# Sharks in Close



## jagarcia10 (Mar 10, 2011)

Sucks to hear about the kid who just got bit today. Hope he makes a full recover. Im sure most of you know that sharks are in the water but I figure I'd post this for the ones that didn't know just how close they are.

Took this video this past weekend while we were shark fishing in Matagorda.






They were in pretty close chasing mullet. We must have caught at least 3 or 4 in the 5ft range on casted baits just over the first sandbar about 40 yards from the beach. My buddies saw a few more busting bait 15 yards off the beach.

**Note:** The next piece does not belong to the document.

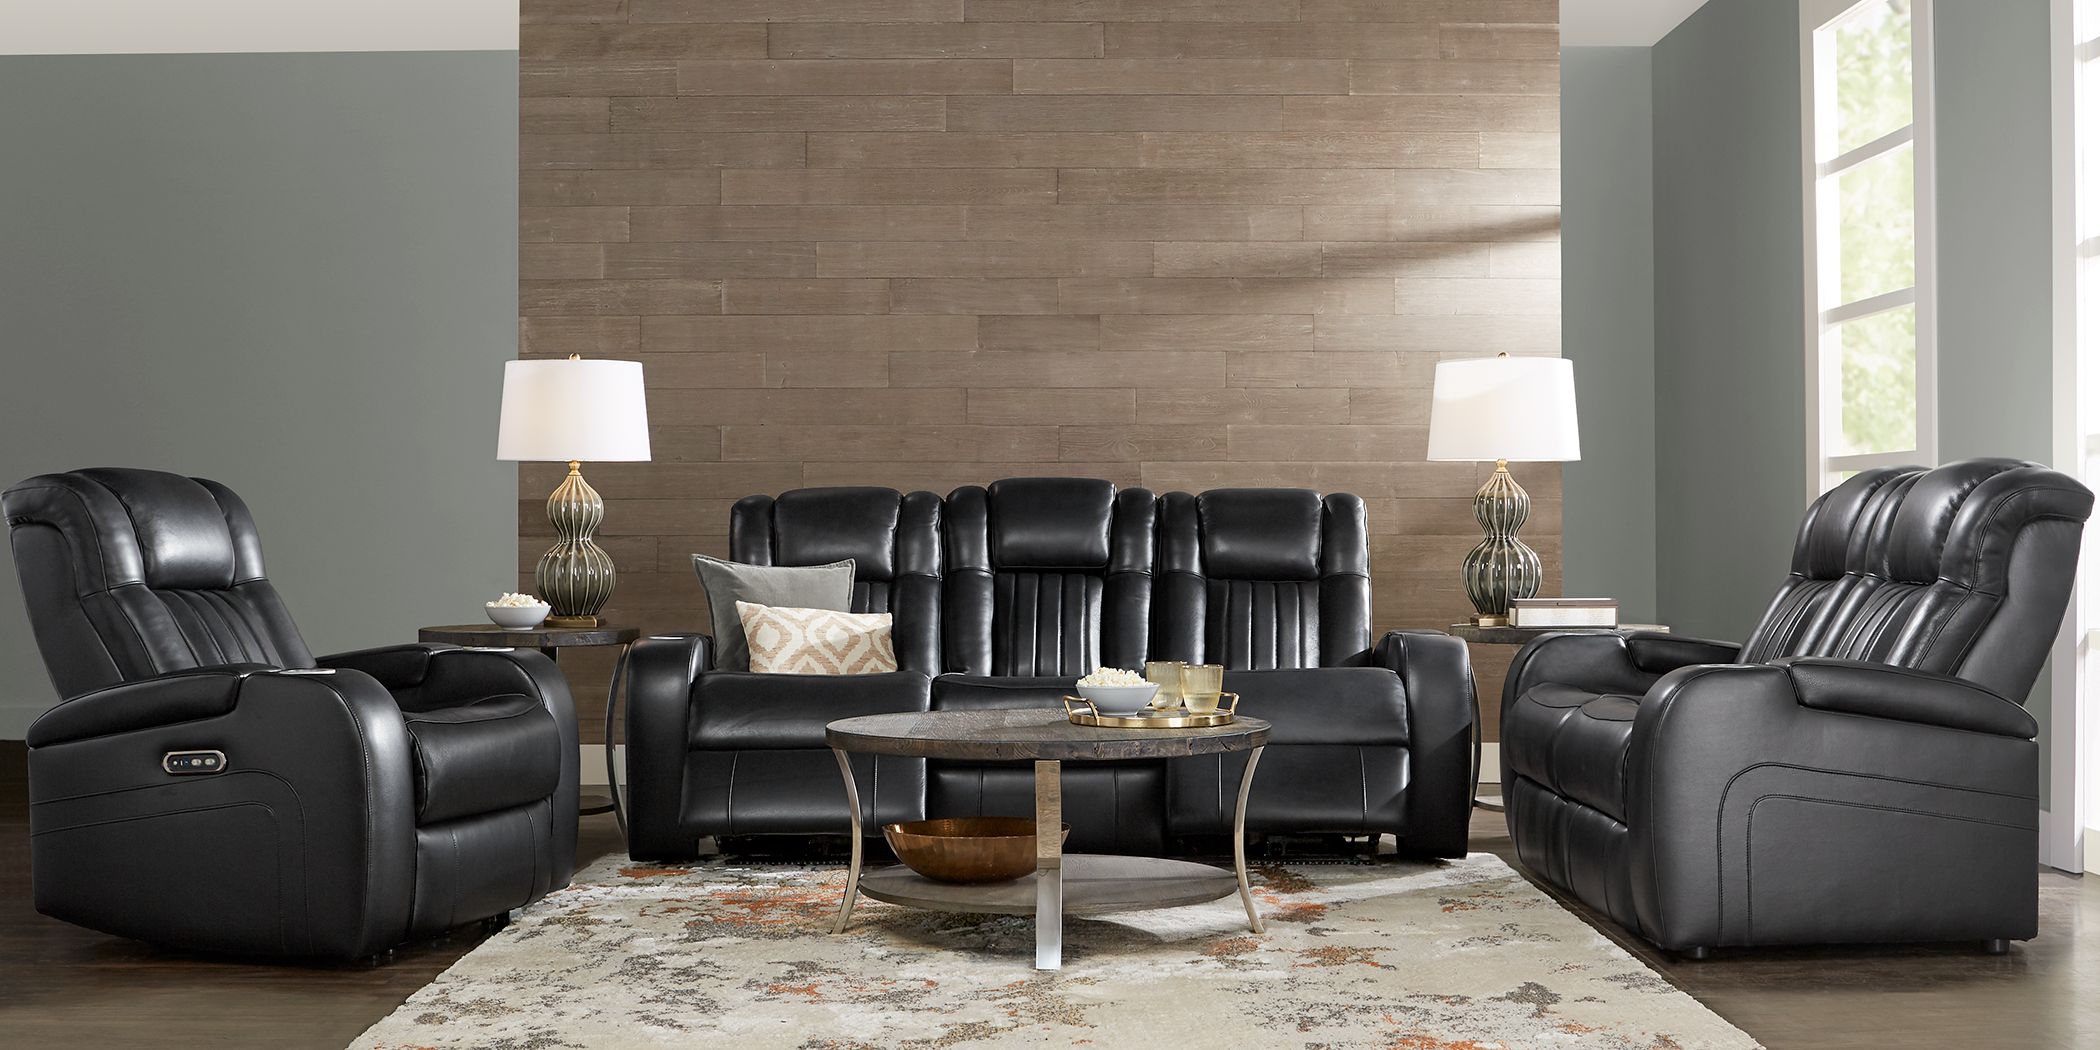 Black Leather Living Room Sets Sofas, Real Leather Living Room Furniture Sets

Pic of a 5.5ft bull shark's grill. Clearly if a shark was attacking it could hack off a leg no problem.


----------



## texastony (Jun 14, 2012)

that video was amazing man..


----------



## cobra_steven (Jun 2, 2010)

Yep! Sounds like its time to start cleaning up the Senators... I hear a lot of sharks being caught too...


----------



## Lagunapadre (Nov 10, 2011)

That video was Sargent beach from Cedar Lake north to the Brazos all day Saturday.I just couldn't believe all the sharks I saw and caught.


----------



## sharkchum (Feb 10, 2012)

I was down by Cedar lakes Sunday and saw 4 within 50 yards of each other with there backs out of the water running mullet.


----------



## jagarcia10 (Mar 10, 2011)

Seems like that's the case all up and down the Texas coast. Good for fisherman, not so good for swimmers. Just had me thinking, if we can see them when the water is that murky. Imagine how many we would be able to see if the water was like it is in Florida.


----------



## HuntinforTail (Mar 29, 2011)

Awesome video and picture what. Whenever I catch a bull they seem to have their teeth all retracted. Very cool pic of his chompers.


----------



## fishNwithfish (Aug 17, 2011)

Man I would love to catch a bull that big when I come down to galveston in july.


----------



## Greatwhite (Mar 28, 2011)

That fish looks familiar. Lol

Like joe said, sharks were in close but a lot of that is also due to water clarity. When it's coffee brown, always keep your eyes peeled in close, especially when you're practically stepping on mullet in shin deep water


----------



## ElTiburon (May 1, 2005)

Yep, horse mullet were going ape tish in the wade gut saturday evening. several 4-6'ers were caught on casted mullet in the 1st gut.
Nice vid!


----------



## jagarcia10 (Mar 10, 2011)

Greatwhite said:


> That fish looks familiar. Lol
> 
> Like joe said, sharks were in close but a lot of that is also due to water clarity. When it's coffee brown, always keep your eyes peeled in close, especially when you're practically stepping on mullet in shin deep water


Yea that's definatly not my paws in the pic.


----------



## FishBurd27 (Sep 18, 2012)

wow that hand is close to that mouth.. just saying.


----------



## Sharkhunter (May 22, 2004)

I caught a snapper in close one time.


----------



## Fish-a-mon (May 21, 2004)

Of all the sharks we have in the water there has only been 38 recorded shark bites off the Texas coast


----------



## Greatwhite (Mar 28, 2011)

FishBurd27 said:


> wow that hand is close to that mouth.. just saying.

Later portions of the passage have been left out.